Brazilian President Lula Attacks Online “Hate Speech” and “Disinformation”
During a UN event held at Paris, titled “Internet for Trust”, regulators, public officials, Big Tech executives, journalists, and other prominent actors gave talks about ways to halt “online hate speech.”
Brazilian Secretary of Digital Policies Joao Brant was chief among those individuals calling for the regulation of online speech. At the event, he read a statement that President Luiz Inacio “Lula” da Silva drew up regarding this topic.
Lula praised the many benefits of the digital era but also lamented the growing degree of social inequality that it has brought about.
The Brazilian president also expressed his concern with how Internet platforms facilitate poor communication among people, health threats, and hate speech. As for the second point, Lula asserted that “disinformation” regarding the Wuhan virus has led to “thousands of deaths.”
Lula claimed that online hate speech is harming people on a daily basis. He stressed that these individuals are the most vulnerable. The Brazilian president called attention to recent developments surrounding his controversial election in 2022, specifically the protests that ensued.
Lula is of the view that the post-election protests against him were facilitated by messaging applications and online platforms. He added that the “campaign” targeting him was largely organized on the Internet and “used the same method to generate acts of violence elsewhere in the world.”

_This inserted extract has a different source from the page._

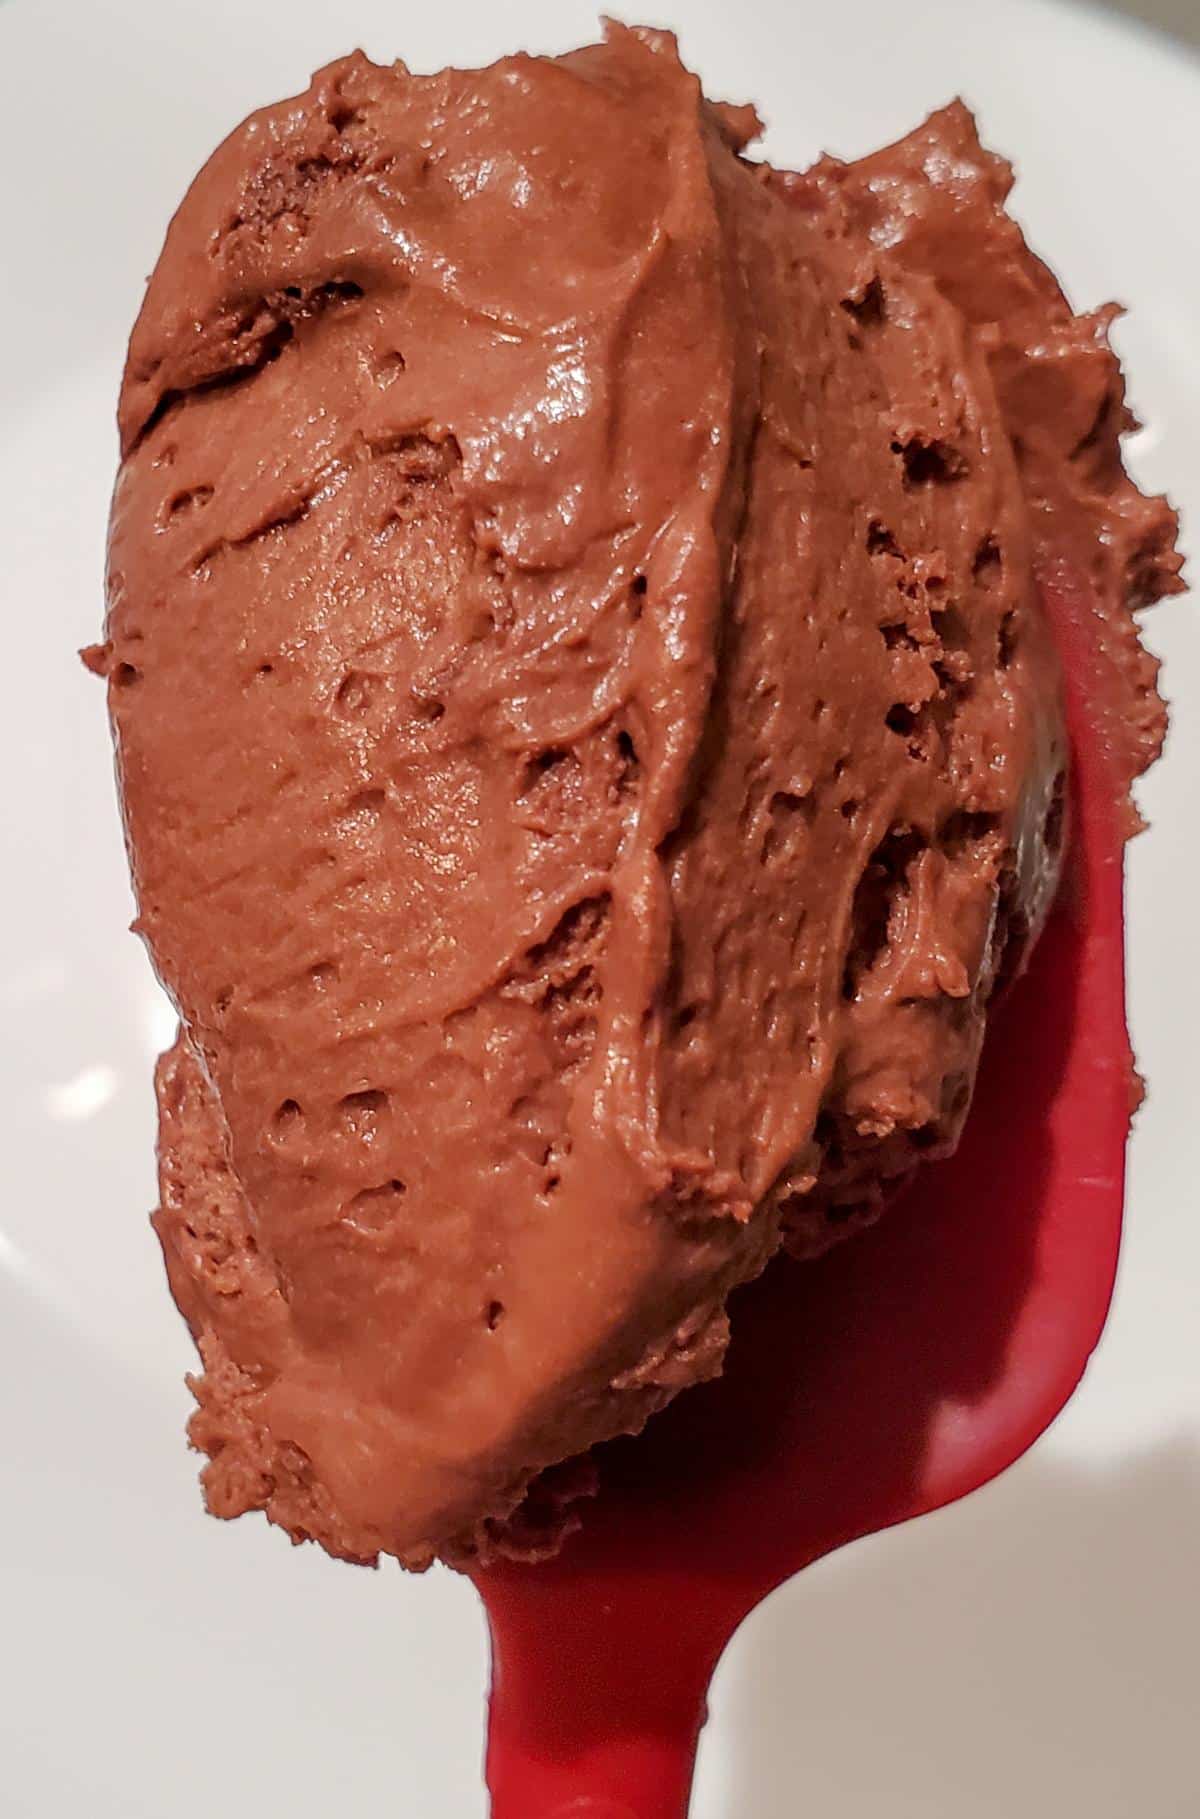 How to make a Chocolate Mousse Recipe

The Brazilian president wants to halt all of this speech. Instead, he called on “the international community needs from now on to work to give effective answers to these challenging questions of our times.”
Lula is an interesting character. While he has nominally aligned himself with the United States’ Eurasian rivals in China and Russia, Lula still has embraced many of the globalist class’s pet projects such as mass vaccination and Internet censorship.
Under Lula’s predecessor, Jair Bolsonaro, Brazil nominally had the chance of breaking its socio-economic plateau as a developing country. However, with Lula at the helm, Brazil will continue to be “the country of tomorrow” — marked by bad governance, high crime, and economic instability.